Mrs 23thorns is a little disturbed by this, in the same sort of way that Donald Trump is a little keen on publicity. She is a little concerned that she is going to get pulled aside at customs control and jailed for life for trying to destroy Australia.
This is not a completely irrational fear. She’s been at the TV again. She’s found a show called “Border Security”, in which Australian customs agents arrest oriental people on a daily basis for trying to bring unregistered marmots into the country.
It’s also not an inconsequential fear. Mrs 23thorns has been to Australia before. Where she got pulled aside by the Border Security agents, even though she is not, to the best of my knowledge, Chinese.
This was not a random occurrence. She had, you see, answered the question “have you been on a farm in the last two weeks?” with a resounding “yes!”
She had not been on a farm. She had been to our son’s nursery school. Where they have some ducks. And a pig. She was briefly detained, and shortly released by a perplexed customs agent.
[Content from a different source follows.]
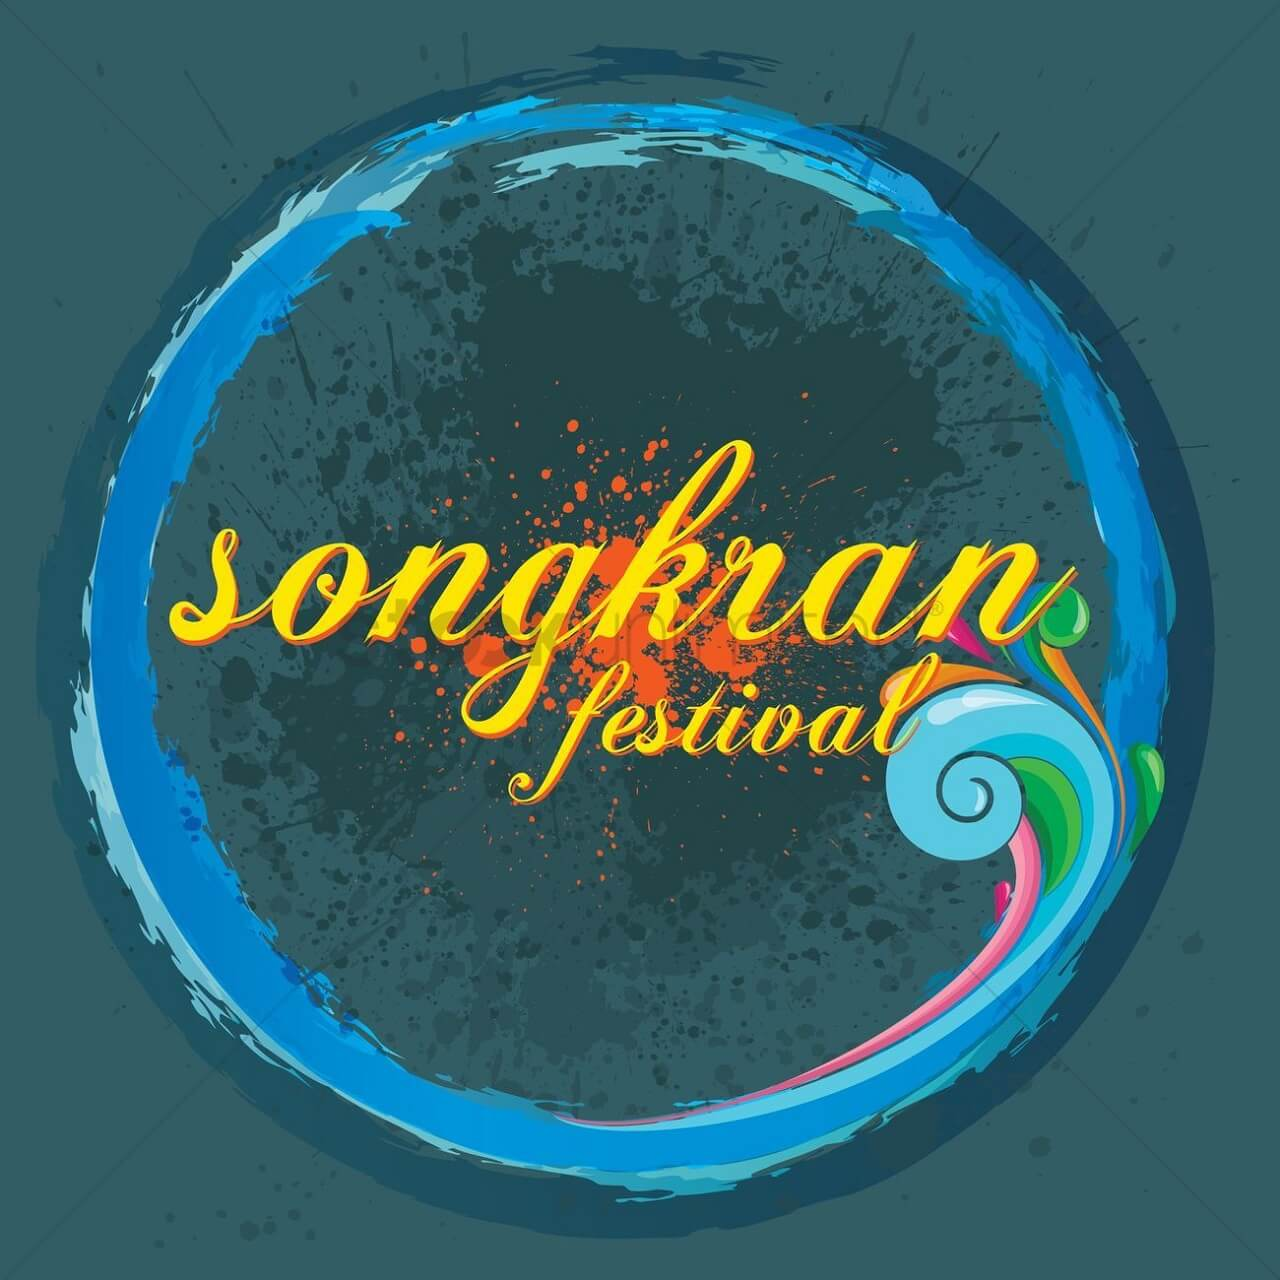 Songkran festival wallpapers for WhatsApp 1280x1280px
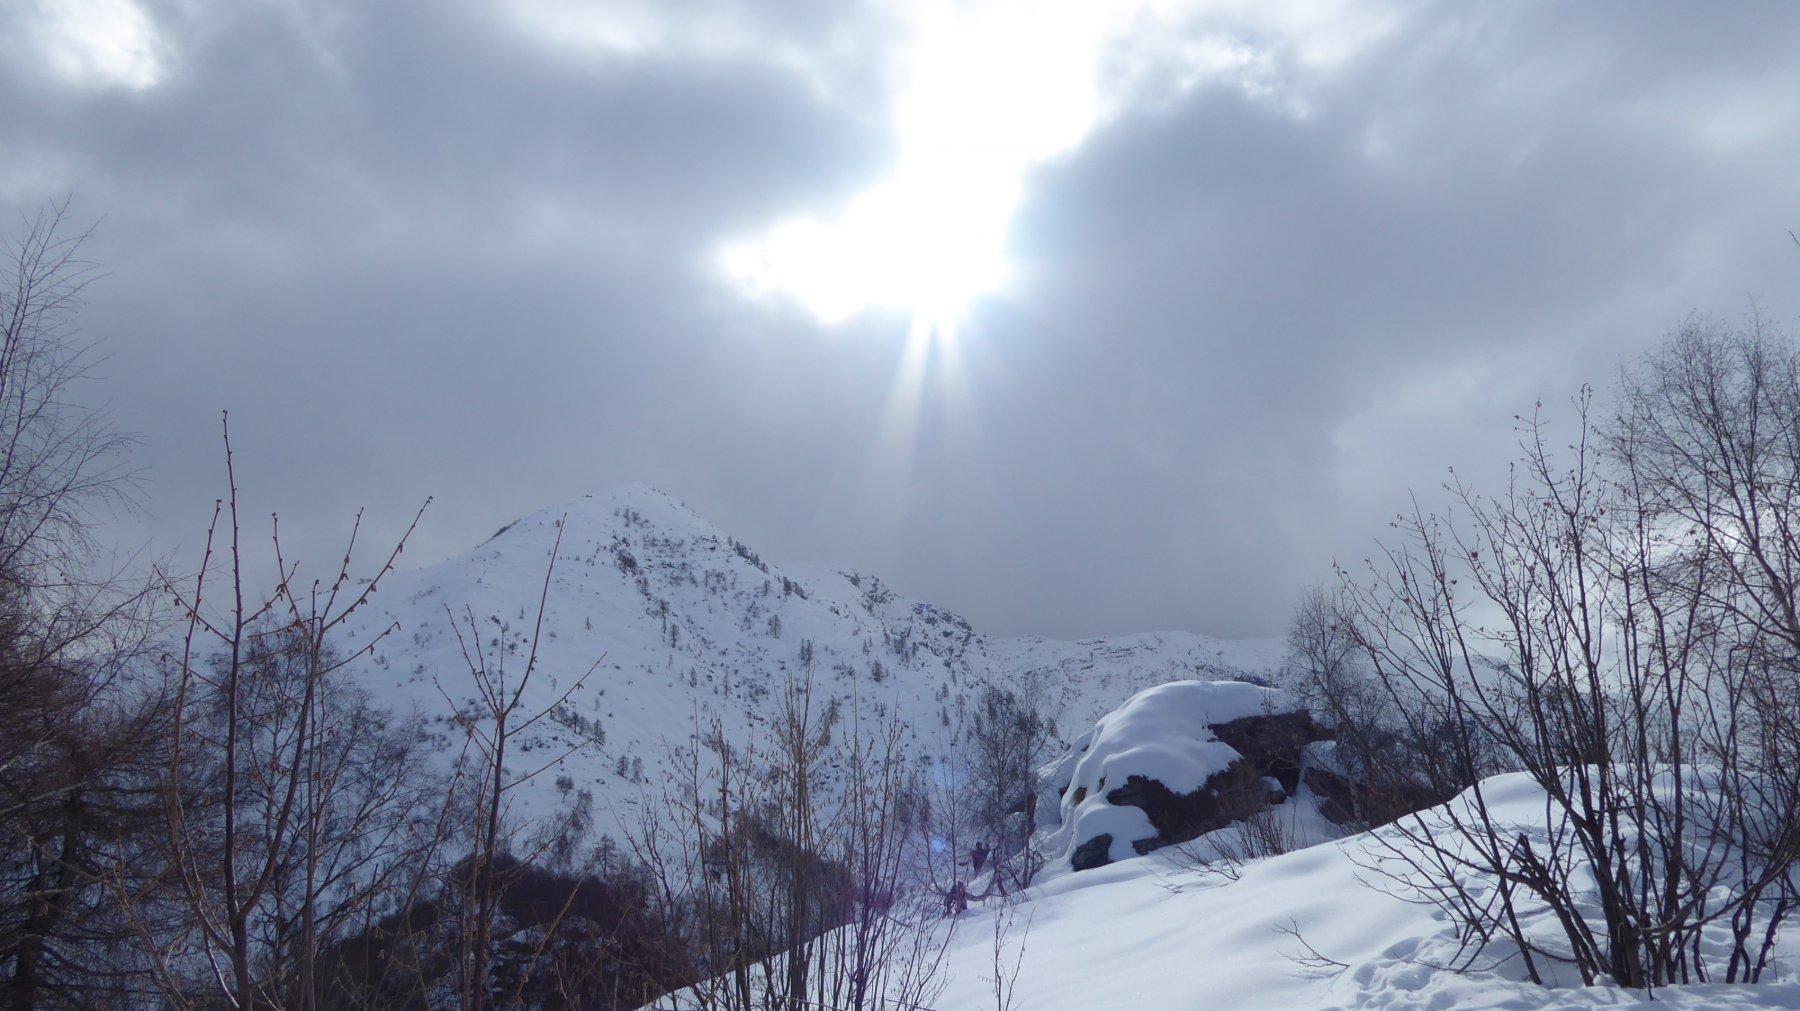 Arrivo al Der del Mont

And now she’s doing it all again. She hasn’t been sleeping well these past few months. It’s fear. She wants to take her African earrings with her. They’re made of wood. Brightly painted, varnished wood. Australian customs agents are going to ask her if she’s bringing any organic matter into the country.
She’s going to say yes. And she’s going to get called aside to an interrogation room. Where she will show them her earrings and ask if they want her to sign a confession. They are going to send her on her way. After taking a picture. Which they will stick up in their control room. With a label on it. A label saying “Crazy Lady. Do not confront”
All this is not necessarily a bad thing. It will help her pass the time, and besides, if they’re too busy worrying about her earrings, they’ll never find the eight kilograms of pure heroin she has sewn into her underwear.